Legal experts are warning nursing home leaders that inappropriate conversations with employees about disabilities, medical conditions or their general health can be costly, after a federal court allowed a worker’s discrimination lawsuit to proceed.
“Not only should they understand that they must respect employee privacy, they must be mindful of boundaries in conversations with employees about medical conditions and overall health,” Fisher Phillips associate Marilyn Higdon and partner George Reeves III wrote in a blog Wednesday.
Their comments followed a late June ruling by the U.S. District Court for the Middle District of Pennsylvania both in favor and against Misericordia Convalescent Home, a 50-bed nursing home in York, PA.
The case was brought by Dana Rice-Smith, a Black woman, in August 2020. She alleged the provider discriminated against her on the basis of race and disability and retaliated against her following complaints.
Rice-Smith first interviewed with Misericordia in July 2016 and asked to use a cane on the job due to multiple sclerosis. After she was hired, she reportedly suffered an injury in October 2016 that aggravated her conditions. She began receiving workers compensation benefits despite none of the documents referencing her multiple sclerosis.
Misericordia alleged in court documents that Rice-Smith was often caught using her phone while working, making improper changes to the schedule and instigating confrontations.
Her supervisor eventually recommended that she be terminated from the job.

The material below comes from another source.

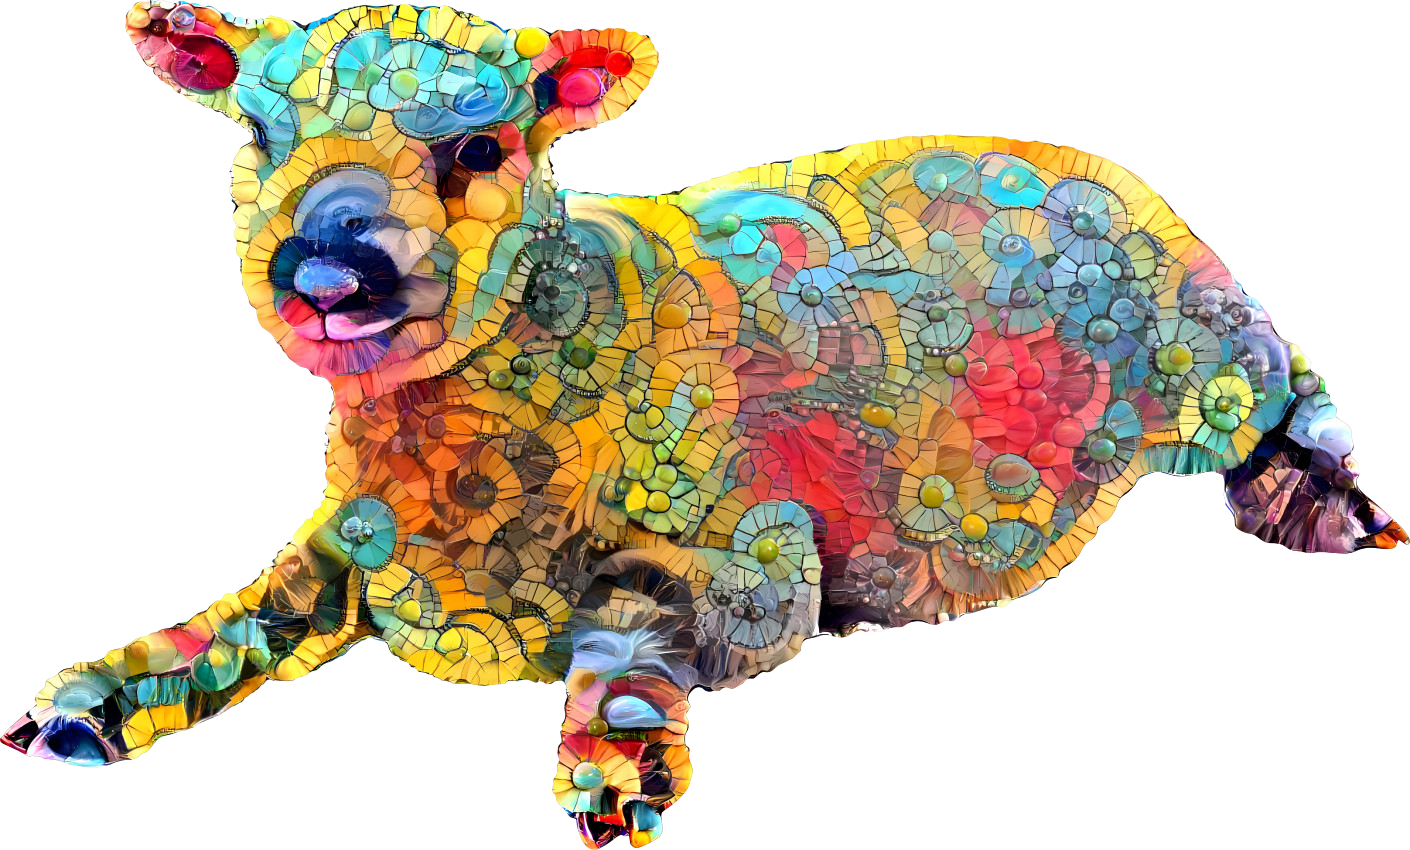 mosaic sheep

Rice-Smith claims that leadership mentioned her multiple sclerosis and how it impacted her work during the dismissal meeting, while Misericordia denies the claim.
The federal court granted Misericordia’s motions to dismiss the claims of discrimination on the basis of race and retaliation in late June, but ruled that Rice-Smith’s disability discrimination allegations can move forward because she initially mentioned the multiple sclerosis during her interview.
Higdon and Reeves said providers can learn “valuable lessons” from the case so far: Employees don’t always need a record of medical treatment or an obvious disability to meet their burden for an ADA claim, and even comments with good intentions that express concern for employees’ wellbeing can be perceived as negative.
They added that providers should also train managers on how to understand the potential impact of their words to ensure that any comments made cannot be construed negatively toward an employees’ condition.
“Advise managers to seek assistance from appropriate human resources personnel when employees disclose a medical condition or any concerns arise about employees’ ability to perform their job functions as a result of any health condition,” they wrote.
The parties were ordered to meet to discuss a potential settlement by no later than July 12 and if no agreement was found, then the court would set a trial schedule. As of Thursday, it was not clear if any hearings had been set, according to court records.